During the 1980s, an influx of drinking establishments kept the former Liquor Control Commission busy, with strict enforcement of underage patrons, bar operations and training of bartenders.
The state Department of Consumer Protection now oversees the operations of restaurants and bars.
Enforcement of former strict rules pertaining to bars has diminished. Years ago, towns including Plainville and Cheshire were notorious in cracking down on DWIs (driving while intoxicated) and late night party goers were alerted not to travel in those communities after drinking.
However, even those patrons who observed the laws wondered how bars could make a profit while restricting underage patrons from slipping through security, normally called bouncers or doormen.
Let’s be honest. If every bar restricted patrons to a minimum of two drinks an hour or never served intoxicated people, they’d have to close their doors.
Owning a bar before the show, “Bar Rescue,” hosted by John Taffer, arose, meant owners had to worry about unannounced raids by liquor control agents and local police.
Taffer has be able to highlight the selfish bar owners who neglect cleanliness, over-pour drinks and operate less-than-professional businesses.
Bar owners are under continued pressure to make a living. Liquor prices have soared from the 1980s, when a whiskey drink cost less than $5, to today’s average of $8 to $10. Owners have had to use various methods to attract and retain customers.
Health inspectors can close down a bar if food servers aren’t properly trained and refrigeration is not controlled.
Competition today for bar owners is fierce, especially when beer breweries are popping up throughout the state. These breweries fashion their own beers and have attracted a huge following, taking away potential patrons from traditional bars.
In addition, have you noticed there are fewer male bartenders today? Owners have been forced to staff more women behind the bar. It is a cold fact that female bartenders make more tips and are more pleasing and polite.
In the 1980s, when live top-40 music groups were popular, the bar crowd drank more.
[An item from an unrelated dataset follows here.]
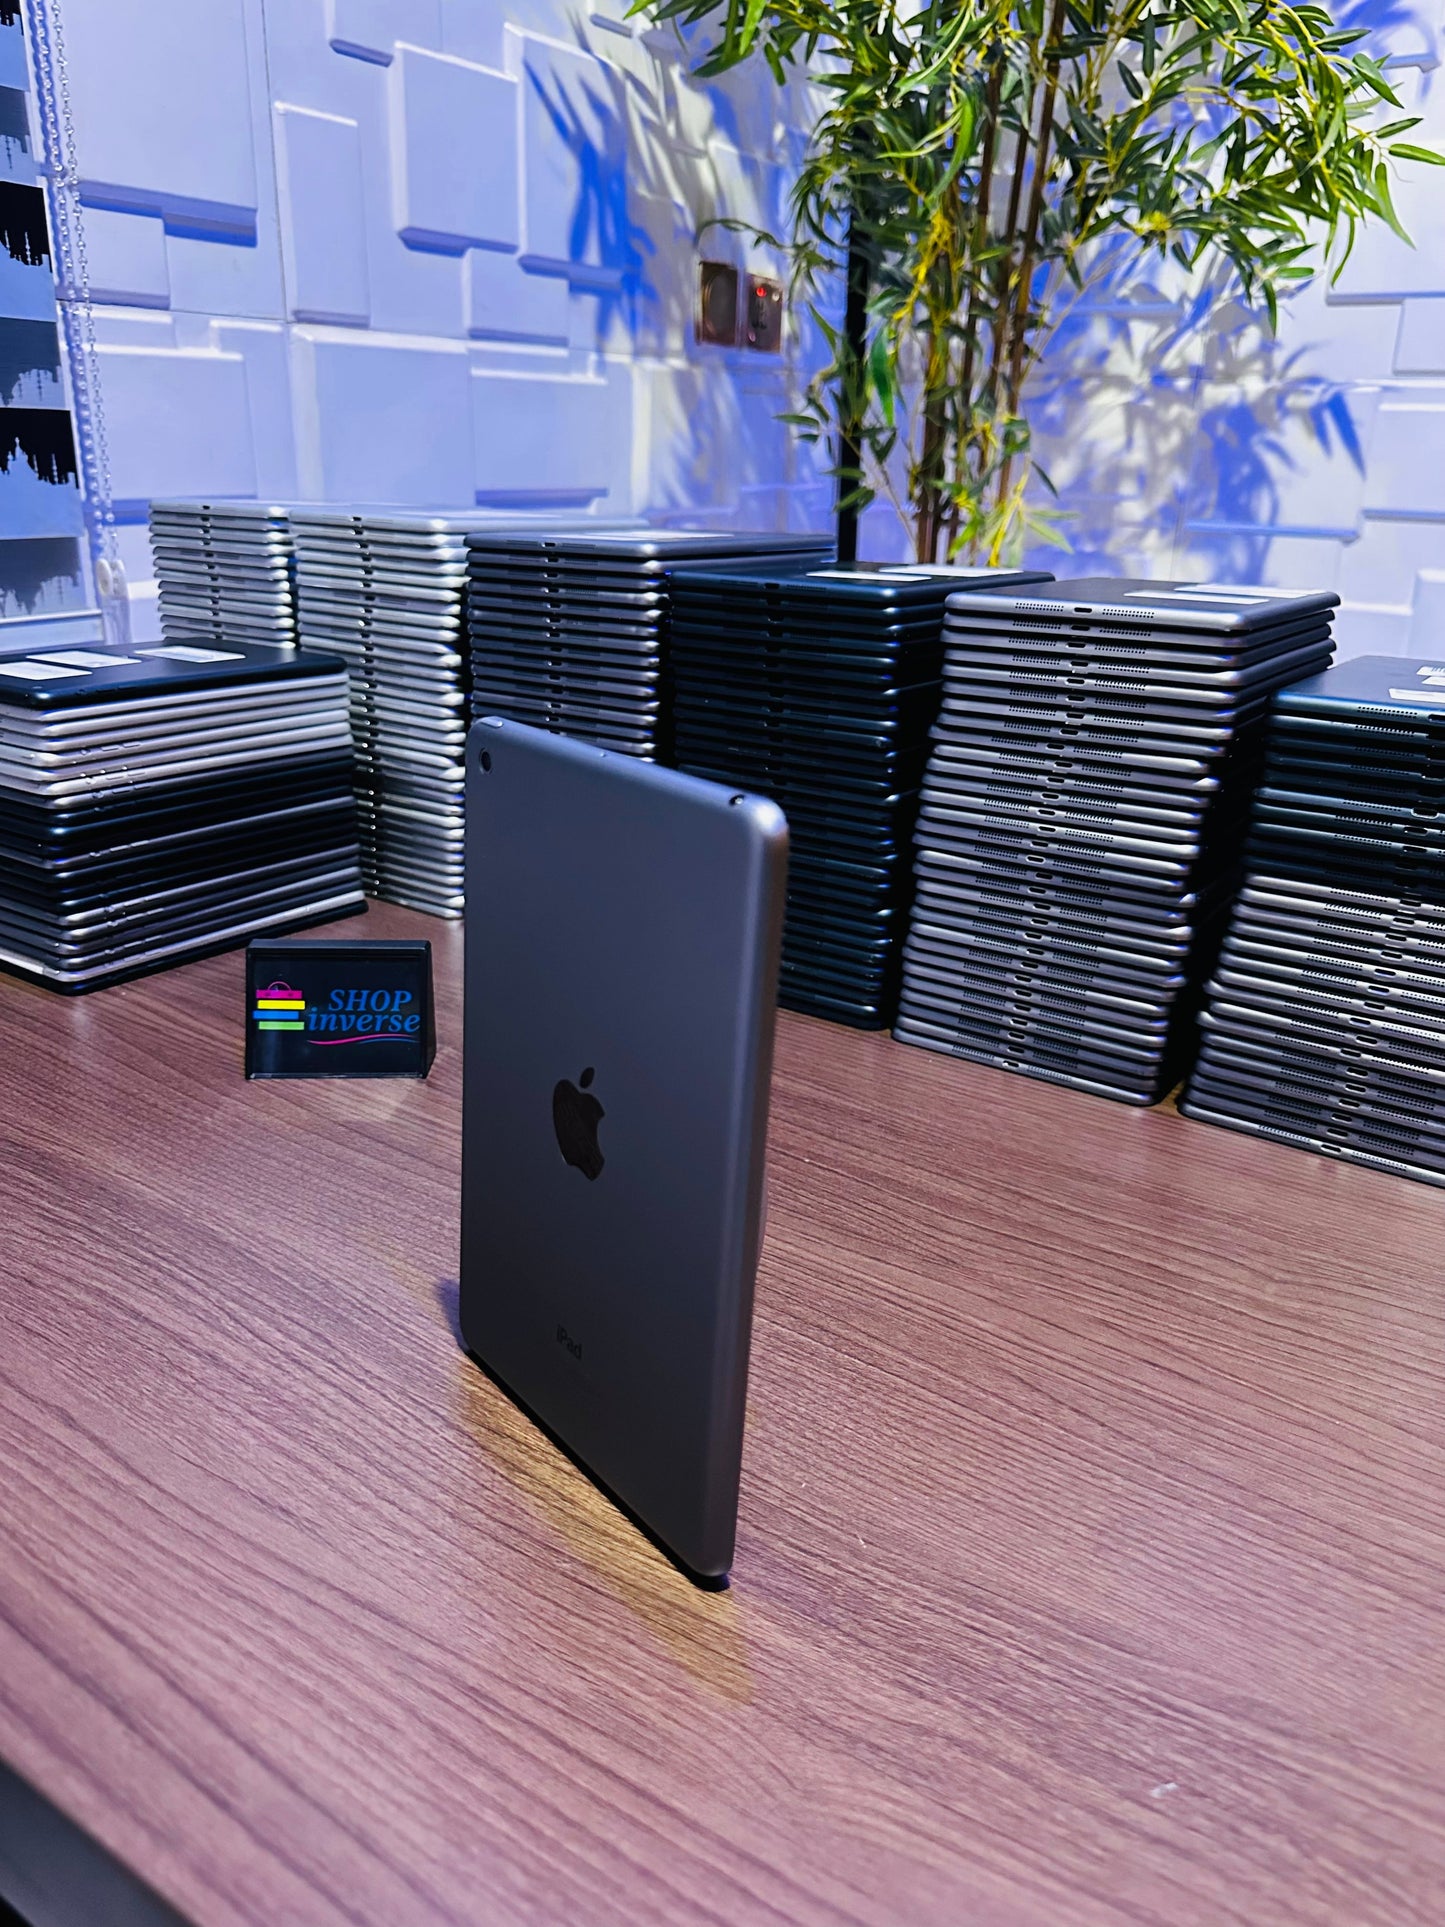 Apple iPad Mini 2 - 16GB - WiFi + SIM - Space Gray
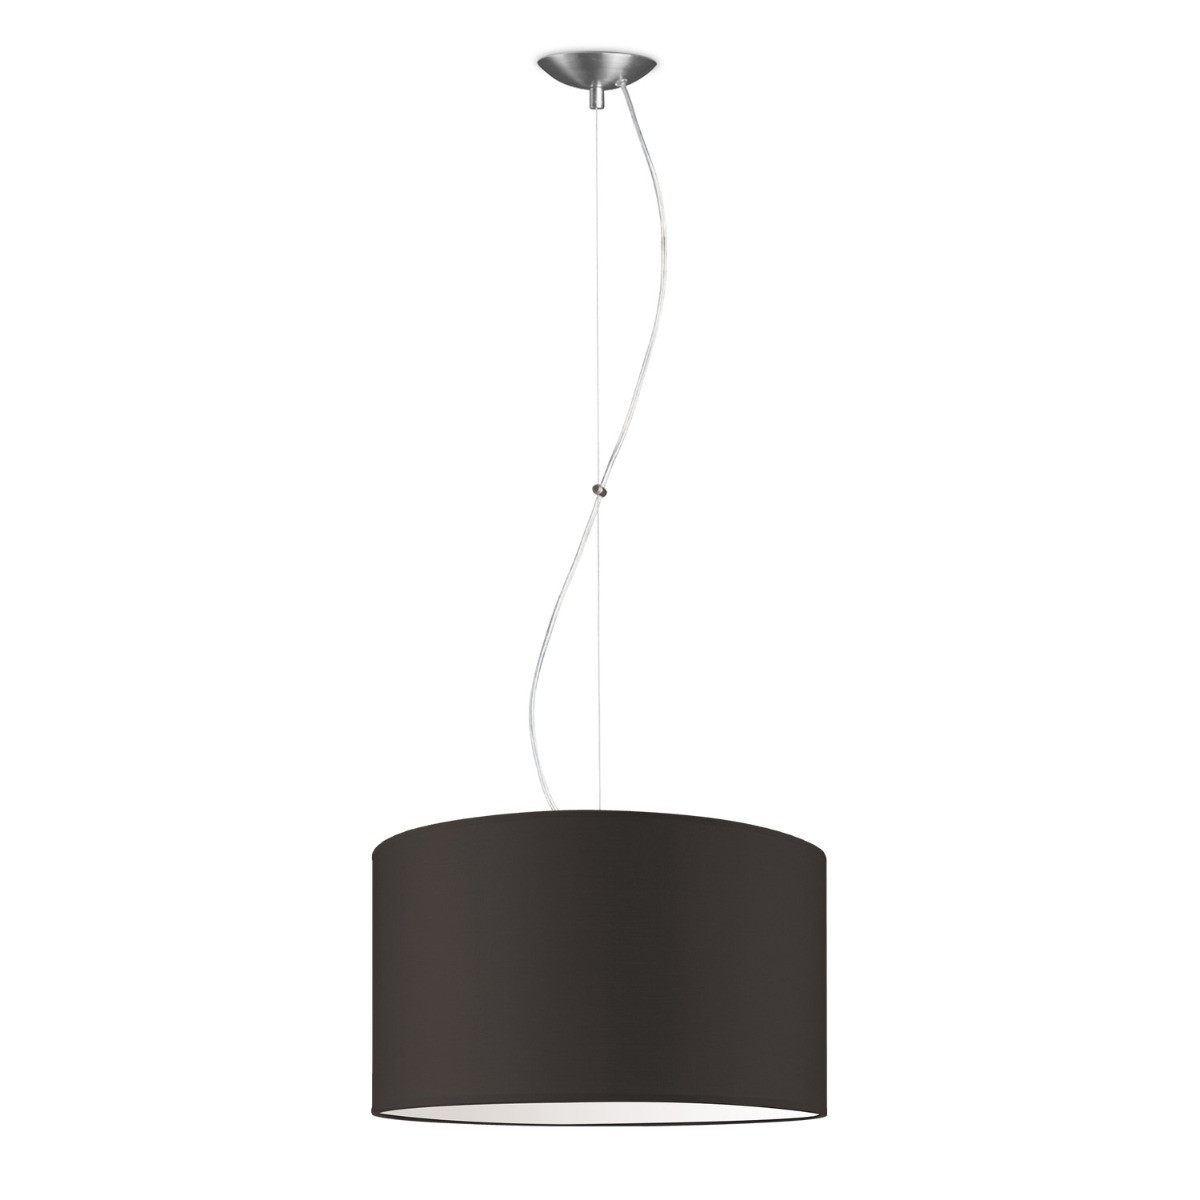 Light depot - hanglamp basic deluxe bling Ø 40 cm - bruin - Outlet

Obviously,, a dance floor with thirsty patrons can rake in big money, but it also spikes the danger zone, with intoxicated patrons who leave and cause accidents. Lawsuits were and are common against bars and restaurants, which must take responsibility when one or two patrons out of 200 or more leave and crash. A designated driver sounds nice but seldom do drinkers tap one friend to drive and drink cola all night.
Making bar ownership even tougher is the new competition from chain restaurants that construct expensive and inviting bars.
Although drink prices are higher, these places swarm a community with good food and nice atmosphere, encouraging people to stay and drink rather than leaving. Smaller bars no longer can afford extended happy hours.
Liquor permits for a average bar costs over $1,000. Insurance and employee pay are top expenses, but do not include maintenance, ice machine problems, electricity, trash removal, cleaning crew and, of course, liquor and beer purchases that must be paid within 30 days.
Bars owners often accuse increased liability insurance rates, often jumping from $5,000 annually to five figures, even with no claims, of being blackmail. It’s difficult to tell who’s drunk because so many patrons arrive under the influence, not only of drink but drugs.
Owners are on the defensive, especially since patrons are getting younger and harder to control.
Yet, owners are morally on the side of the insurance companies. Nobody want claims brought against them, primarily when bartenders are taught not to serve patrons who appear intoxicated.
As a former bar owner who dealt with several claims and made repeated attempts to find a simple solution to verifying fake IDs, it was only after a Friday night raid by liquor agents, when six minors were found on my premises, that I was given a large monetary fine but also a special code to effectively spot fake licenses.
I became determined to warn prospective customers of not only my responsibility but their own. I began giving cash bonuses to my doormen to secure fake IDs and had a large sign installed near the outside main entrance.
There isn’t enough insurance to soften the guilt imposed upon an owner when it may appear that a patron caused grief to innocent people when someone was served liquor beyond the legal limit.